Di masyarakat Tionghoa, kata Awang, Cap Go Meh juga dikaitkan dengan religius. Begitu juga dengan masyarakat Dayak, Naek Dango dihubungkan dengan ungkapan terima kasih atas rezeki yang diberikan oleh Tuhan. Ke depan, kata dia, Komasi lewat MABM Singkawang bisa mengajukan proposal lalu ditujukan ke Pemkot Singkawang dan DPRD Singkawang, untuk menggelar kegiatan ini menjadi lebih besar lagi.
“Kita harapkan ada sumbangan juga, baik dari masyarakat maupun Pemkot. Harapannya, dari masyarakat yang lebih besar,” ujar anggota DPRD Singkawang ini. Ia mengatakan, bisa saja ini masuk dalam kalender wisata. Kendati demikian, menurut Awang, pada dasarnya Tumpahan Sallok ini bukanlah semata-mata untuk wisata, tetapi untuk kebersamaan.

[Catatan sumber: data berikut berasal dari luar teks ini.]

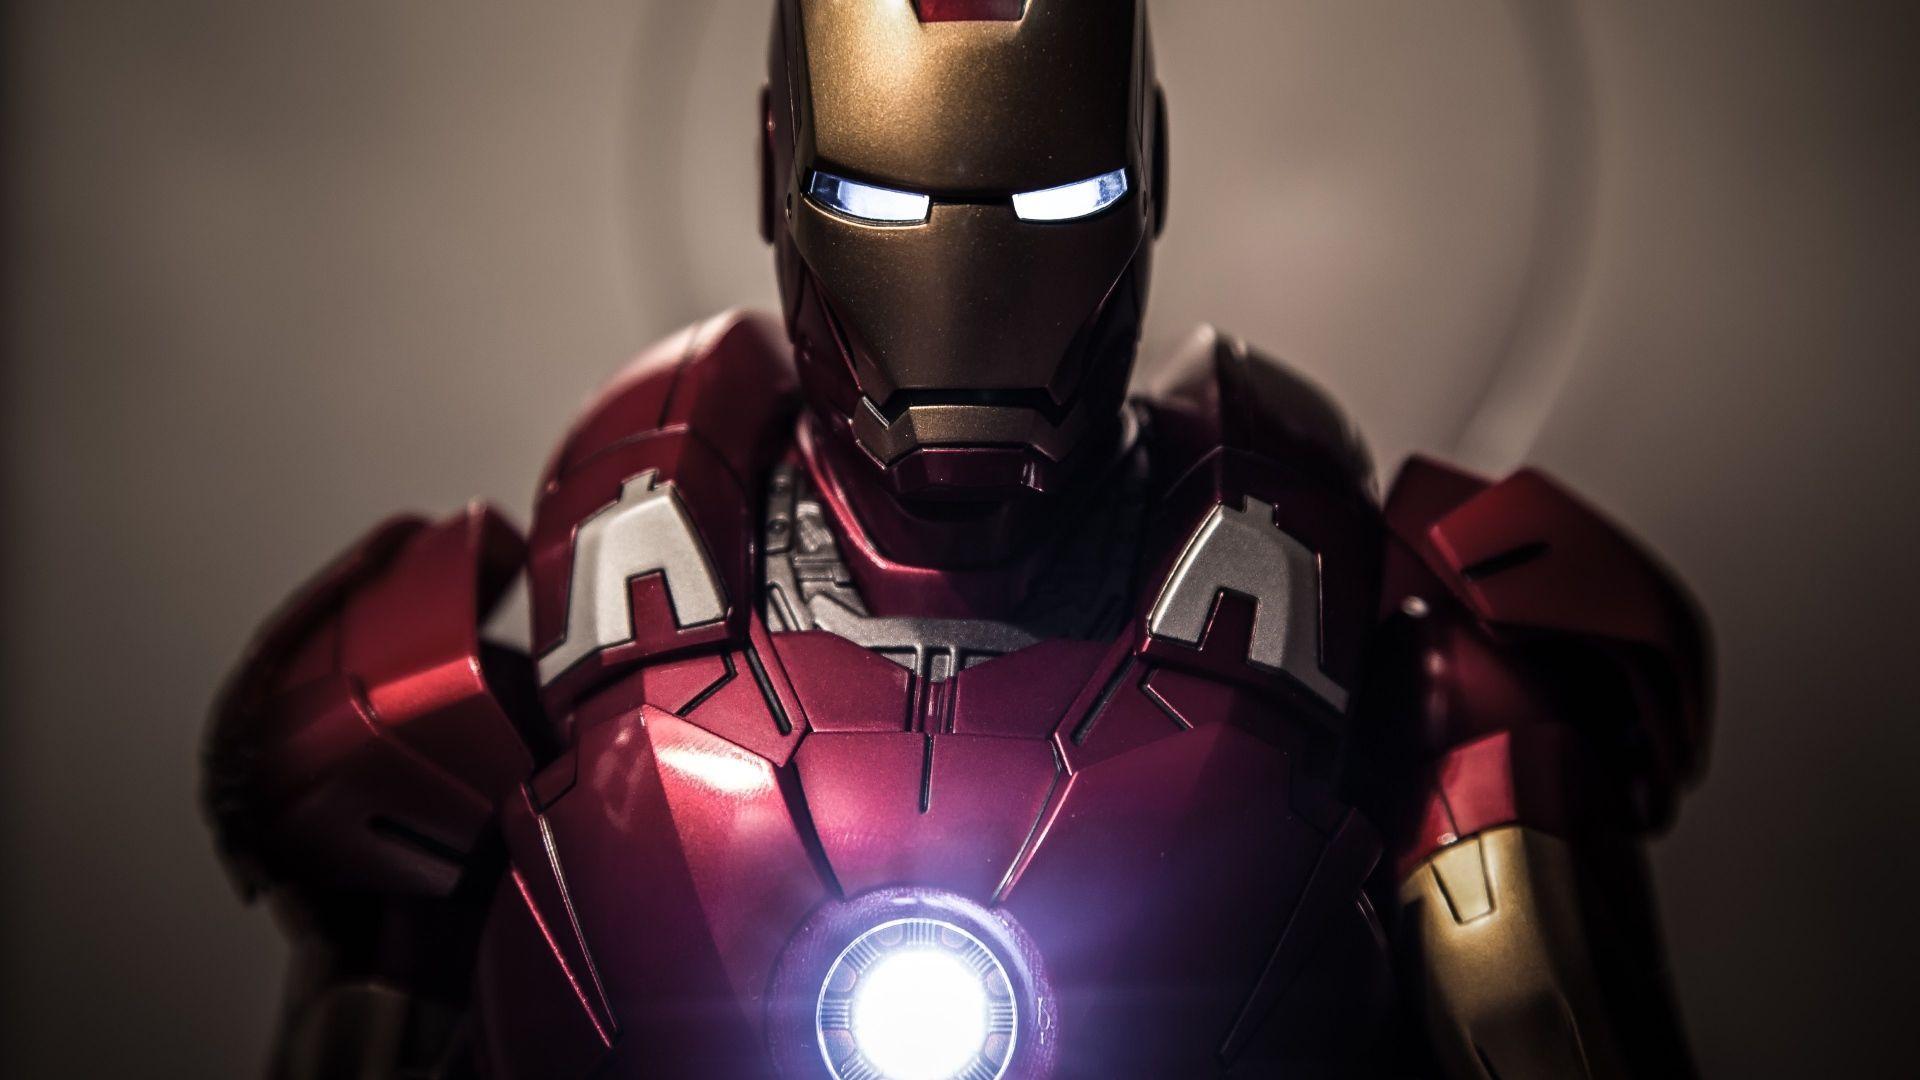 1920x1080 Wallpaper Iron Man Tony Stark Superhero Wallpaper

Kita menginginkan Singkawang tidak hanya menjadi Kota Wisata, tapi Kota Kuliner dan Kota Pelajar,” kata Awang. Mulyadi Qamal juga berpesan, agar ke depan dapat diselenggarakan acara yang lebih besar lagi daripada yang ada sekarang ini. Ia sangat mendukung digelarnya even-even seperti ini. (ody/zrf)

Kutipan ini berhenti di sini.